▶ **Given information**:
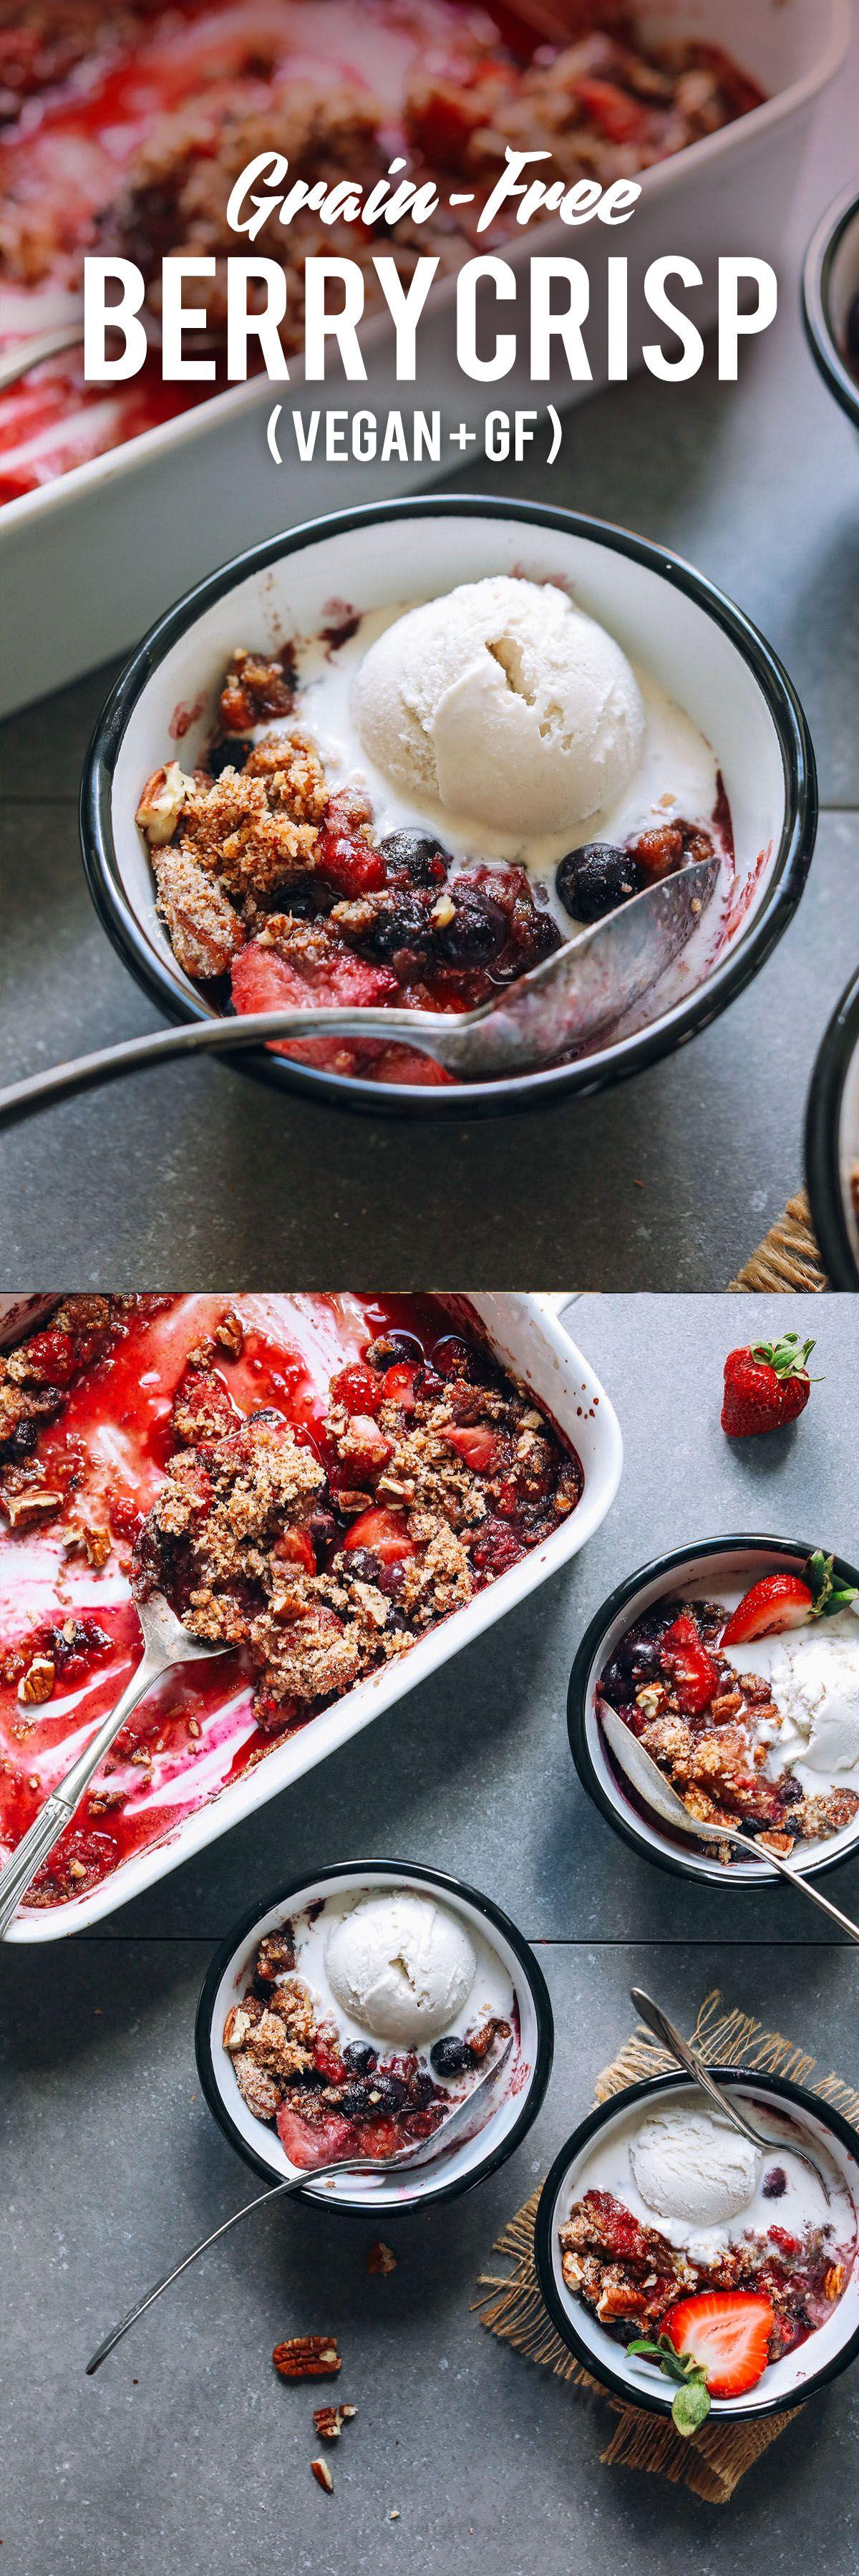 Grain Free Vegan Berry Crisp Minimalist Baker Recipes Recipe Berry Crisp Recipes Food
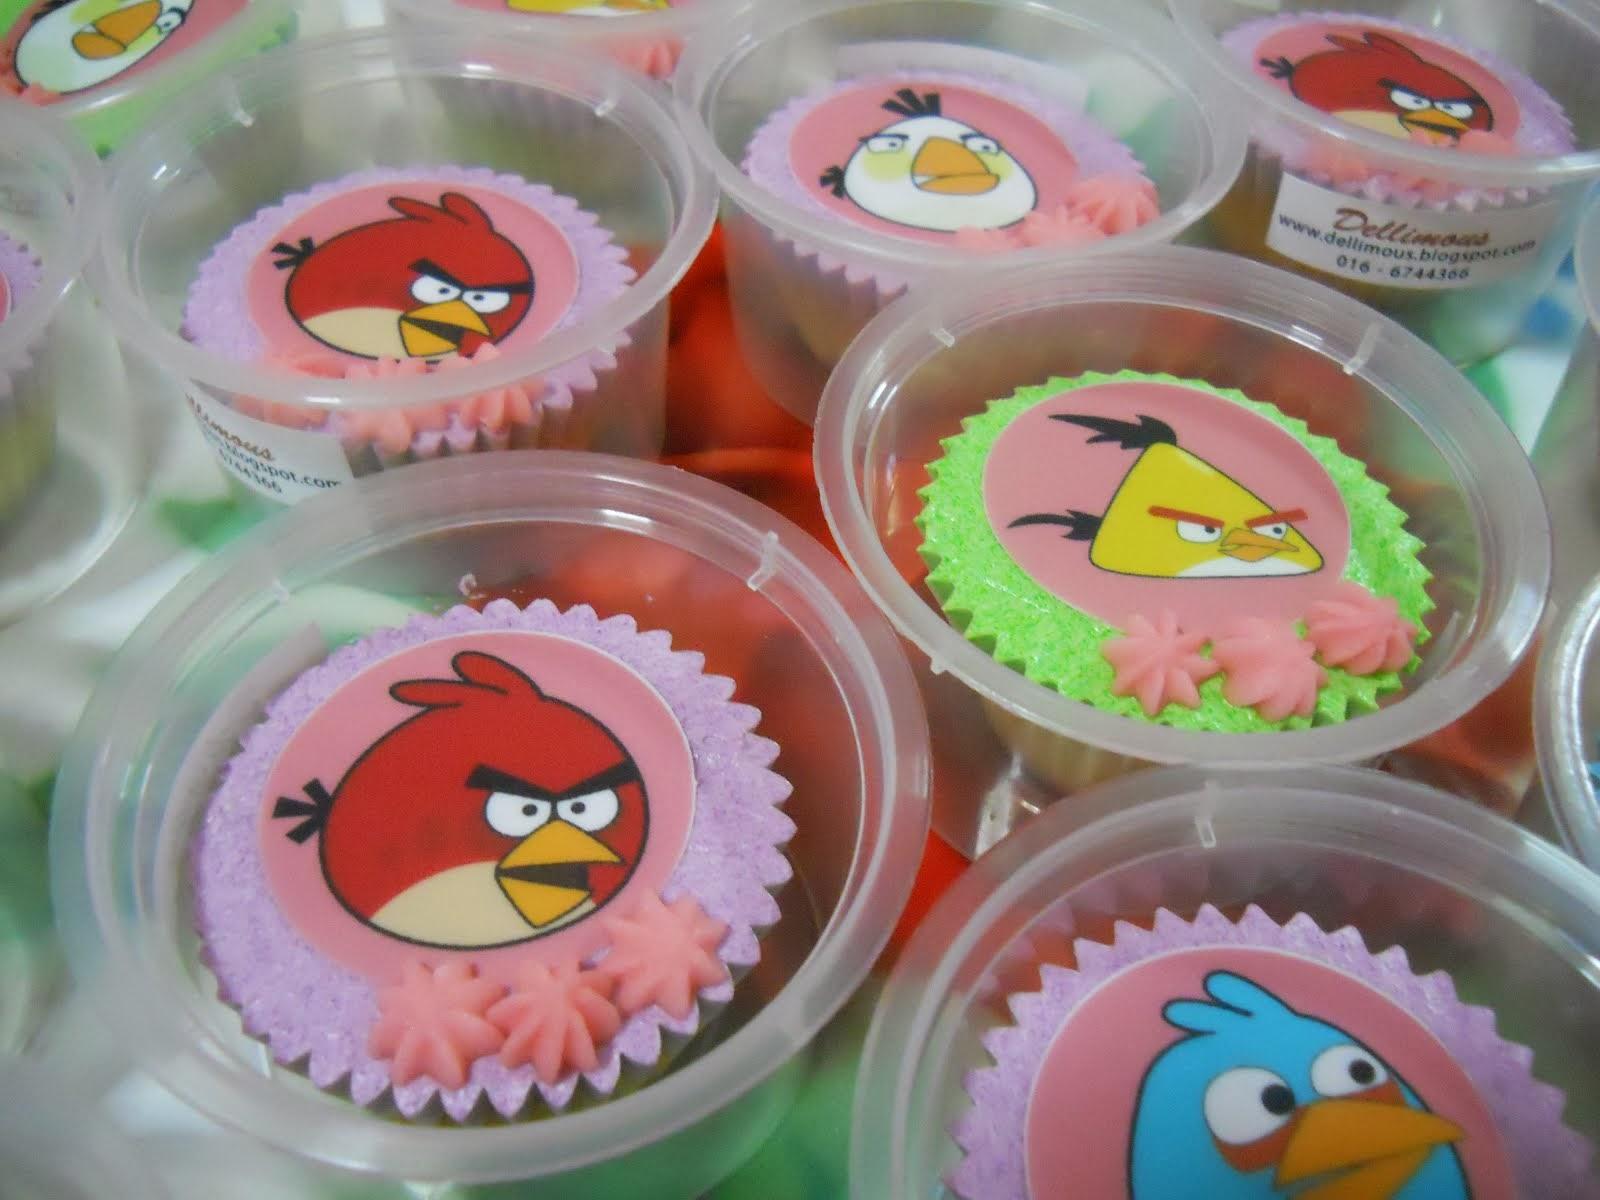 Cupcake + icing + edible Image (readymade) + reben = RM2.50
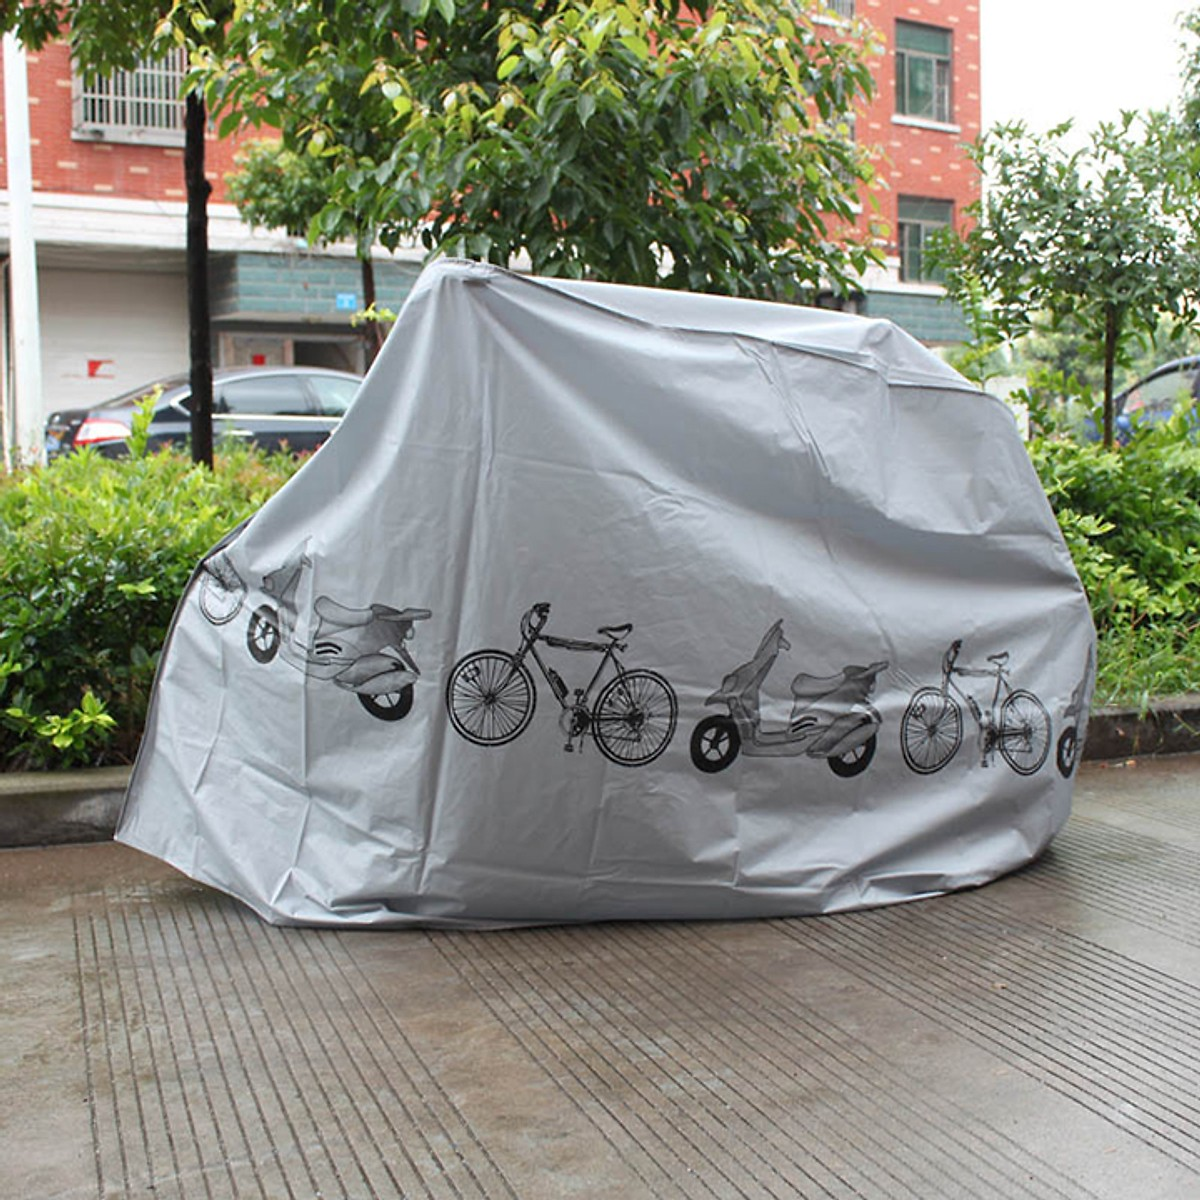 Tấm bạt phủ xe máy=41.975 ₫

▶ **Task goal**: The task requires the full listing to be given again verbatim, without its pictures.

▶ **Solution**:
 Grain Free Vegan Berry Crisp Minimalist Baker Recipes Recipe Berry Crisp Recipes Food
 Cupcake + icing + edible Image (readymade) + reben = RM2.50
 Tấm bạt phủ xe máy=41.975 ₫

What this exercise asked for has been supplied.